- _Your goal_: Could you write the entries out again, exactly as they appear?
——
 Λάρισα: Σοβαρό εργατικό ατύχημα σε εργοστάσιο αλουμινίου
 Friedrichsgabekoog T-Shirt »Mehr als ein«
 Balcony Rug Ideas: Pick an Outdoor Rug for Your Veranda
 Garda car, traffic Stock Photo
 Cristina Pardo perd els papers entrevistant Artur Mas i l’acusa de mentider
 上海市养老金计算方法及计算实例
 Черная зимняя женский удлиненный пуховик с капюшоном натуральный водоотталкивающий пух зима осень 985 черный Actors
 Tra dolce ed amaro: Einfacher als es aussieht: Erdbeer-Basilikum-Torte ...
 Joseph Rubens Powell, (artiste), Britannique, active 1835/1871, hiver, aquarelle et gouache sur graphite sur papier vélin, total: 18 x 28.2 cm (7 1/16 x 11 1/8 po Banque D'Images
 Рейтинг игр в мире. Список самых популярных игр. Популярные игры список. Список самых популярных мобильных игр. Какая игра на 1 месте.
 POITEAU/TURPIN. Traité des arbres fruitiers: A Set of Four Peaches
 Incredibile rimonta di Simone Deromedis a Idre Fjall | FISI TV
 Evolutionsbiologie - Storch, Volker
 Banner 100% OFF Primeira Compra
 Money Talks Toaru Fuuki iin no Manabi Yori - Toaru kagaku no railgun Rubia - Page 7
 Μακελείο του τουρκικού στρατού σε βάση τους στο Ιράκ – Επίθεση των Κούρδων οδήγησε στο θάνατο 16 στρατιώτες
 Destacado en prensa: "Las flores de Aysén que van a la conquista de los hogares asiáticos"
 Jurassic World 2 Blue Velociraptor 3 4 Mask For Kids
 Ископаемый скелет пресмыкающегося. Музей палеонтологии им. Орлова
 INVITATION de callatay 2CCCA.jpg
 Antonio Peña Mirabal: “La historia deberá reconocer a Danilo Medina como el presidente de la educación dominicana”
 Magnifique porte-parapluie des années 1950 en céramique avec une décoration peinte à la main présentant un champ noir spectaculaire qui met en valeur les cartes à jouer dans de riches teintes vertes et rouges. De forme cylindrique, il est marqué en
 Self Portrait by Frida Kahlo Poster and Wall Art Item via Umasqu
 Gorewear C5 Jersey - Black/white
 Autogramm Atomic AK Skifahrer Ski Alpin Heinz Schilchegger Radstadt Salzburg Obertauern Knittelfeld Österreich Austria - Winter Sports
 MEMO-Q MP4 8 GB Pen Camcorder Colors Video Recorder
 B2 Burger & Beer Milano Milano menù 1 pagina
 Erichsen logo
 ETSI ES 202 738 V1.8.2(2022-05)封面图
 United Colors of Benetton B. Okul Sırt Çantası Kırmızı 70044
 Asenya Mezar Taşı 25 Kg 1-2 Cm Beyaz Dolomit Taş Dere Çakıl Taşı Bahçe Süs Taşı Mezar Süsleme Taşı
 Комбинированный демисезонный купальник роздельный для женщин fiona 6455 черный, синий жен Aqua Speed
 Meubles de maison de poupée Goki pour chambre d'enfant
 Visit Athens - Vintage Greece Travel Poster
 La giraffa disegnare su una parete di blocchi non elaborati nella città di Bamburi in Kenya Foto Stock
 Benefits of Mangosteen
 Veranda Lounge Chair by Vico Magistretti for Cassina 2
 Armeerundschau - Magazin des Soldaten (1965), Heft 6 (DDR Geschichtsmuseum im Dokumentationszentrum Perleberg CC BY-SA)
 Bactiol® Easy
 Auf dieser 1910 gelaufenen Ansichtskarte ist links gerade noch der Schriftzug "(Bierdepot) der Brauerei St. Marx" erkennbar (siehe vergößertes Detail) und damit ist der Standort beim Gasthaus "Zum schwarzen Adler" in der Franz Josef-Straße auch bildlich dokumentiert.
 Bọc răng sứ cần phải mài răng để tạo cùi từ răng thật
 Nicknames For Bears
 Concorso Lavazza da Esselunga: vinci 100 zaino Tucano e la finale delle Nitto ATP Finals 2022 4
——
- _Solution to the problem_:
 Λάρισα: Σοβαρό εργατικό ατύχημα σε εργοστάσιο αλουμινίου
 Friedrichsgabekoog T-Shirt »Mehr als ein«
 Balcony Rug Ideas: Pick an Outdoor Rug for Your Veranda
 Garda car, traffic Stock Photo
 Cristina Pardo perd els papers entrevistant Artur Mas i l’acusa de mentider
 上海市养老金计算方法及计算实例
 Черная зимняя женский удлиненный пуховик с капюшоном натуральный водоотталкивающий пух зима осень 985 черный Actors
 Tra dolce ed amaro: Einfacher als es aussieht: Erdbeer-Basilikum-Torte ...
 Joseph Rubens Powell, (artiste), Britannique, active 1835/1871, hiver, aquarelle et gouache sur graphite sur papier vélin, total: 18 x 28.2 cm (7 1/16 x 11 1/8 po Banque D'Images
 Рейтинг игр в мире. Список самых популярных игр. Популярные игры список. Список самых популярных мобильных игр. Какая игра на 1 месте.
 POITEAU/TURPIN. Traité des arbres fruitiers: A Set of Four Peaches
 Incredibile rimonta di Simone Deromedis a Idre Fjall | FISI TV
 Evolutionsbiologie - Storch, Volker
 Banner 100% OFF Primeira Compra
 Money Talks Toaru Fuuki iin no Manabi Yori - Toaru kagaku no railgun Rubia - Page 7
 Μακελείο του τουρκικού στρατού σε βάση τους στο Ιράκ – Επίθεση των Κούρδων οδήγησε στο θάνατο 16 στρατιώτες
 Destacado en prensa: "Las flores de Aysén que van a la conquista de los hogares asiáticos"
 Jurassic World 2 Blue Velociraptor 3 4 Mask For Kids
 Ископаемый скелет пресмыкающегося. Музей палеонтологии им. Орлова
 INVITATION de callatay 2CCCA.jpg
 Antonio Peña Mirabal: “La historia deberá reconocer a Danilo Medina como el presidente de la educación dominicana”
 Magnifique porte-parapluie des années 1950 en céramique avec une décoration peinte à la main présentant un champ noir spectaculaire qui met en valeur les cartes à jouer dans de riches teintes vertes et rouges. De forme cylindrique, il est marqué en
 Self Portrait by Frida Kahlo Poster and Wall Art Item via Umasqu
 Gorewear C5 Jersey - Black/white
 Autogramm Atomic AK Skifahrer Ski Alpin Heinz Schilchegger Radstadt Salzburg Obertauern Knittelfeld Österreich Austria - Winter Sports
 MEMO-Q MP4 8 GB Pen Camcorder Colors Video Recorder
 B2 Burger & Beer Milano Milano menù 1 pagina
 Erichsen logo
 ETSI ES 202 738 V1.8.2(2022-05)封面图
 United Colors of Benetton B. Okul Sırt Çantası Kırmızı 70044
 Asenya Mezar Taşı 25 Kg 1-2 Cm Beyaz Dolomit Taş Dere Çakıl Taşı Bahçe Süs Taşı Mezar Süsleme Taşı
 Комбинированный демисезонный купальник роздельный для женщин fiona 6455 черный, синий жен Aqua Speed
 Meubles de maison de poupée Goki pour chambre d'enfant
 Visit Athens - Vintage Greece Travel Poster
 La giraffa disegnare su una parete di blocchi non elaborati nella città di Bamburi in Kenya Foto Stock
 Benefits of Mangosteen
 Veranda Lounge Chair by Vico Magistretti for Cassina 2
 Armeerundschau - Magazin des Soldaten (1965), Heft 6 (DDR Geschichtsmuseum im Dokumentationszentrum Perleberg CC BY-SA)
 Bactiol® Easy
 Auf dieser 1910 gelaufenen Ansichtskarte ist links gerade noch der Schriftzug "(Bierdepot) der Brauerei St. Marx" erkennbar (siehe vergößertes Detail) und damit ist der Standort beim Gasthaus "Zum schwarzen Adler" in der Franz Josef-Straße auch bildlich dokumentiert.
 Bọc răng sứ cần phải mài răng để tạo cùi từ răng thật
 Nicknames For Bears
 Concorso Lavazza da Esselunga: vinci 100 zaino Tucano e la finale delle Nitto ATP Finals 2022 4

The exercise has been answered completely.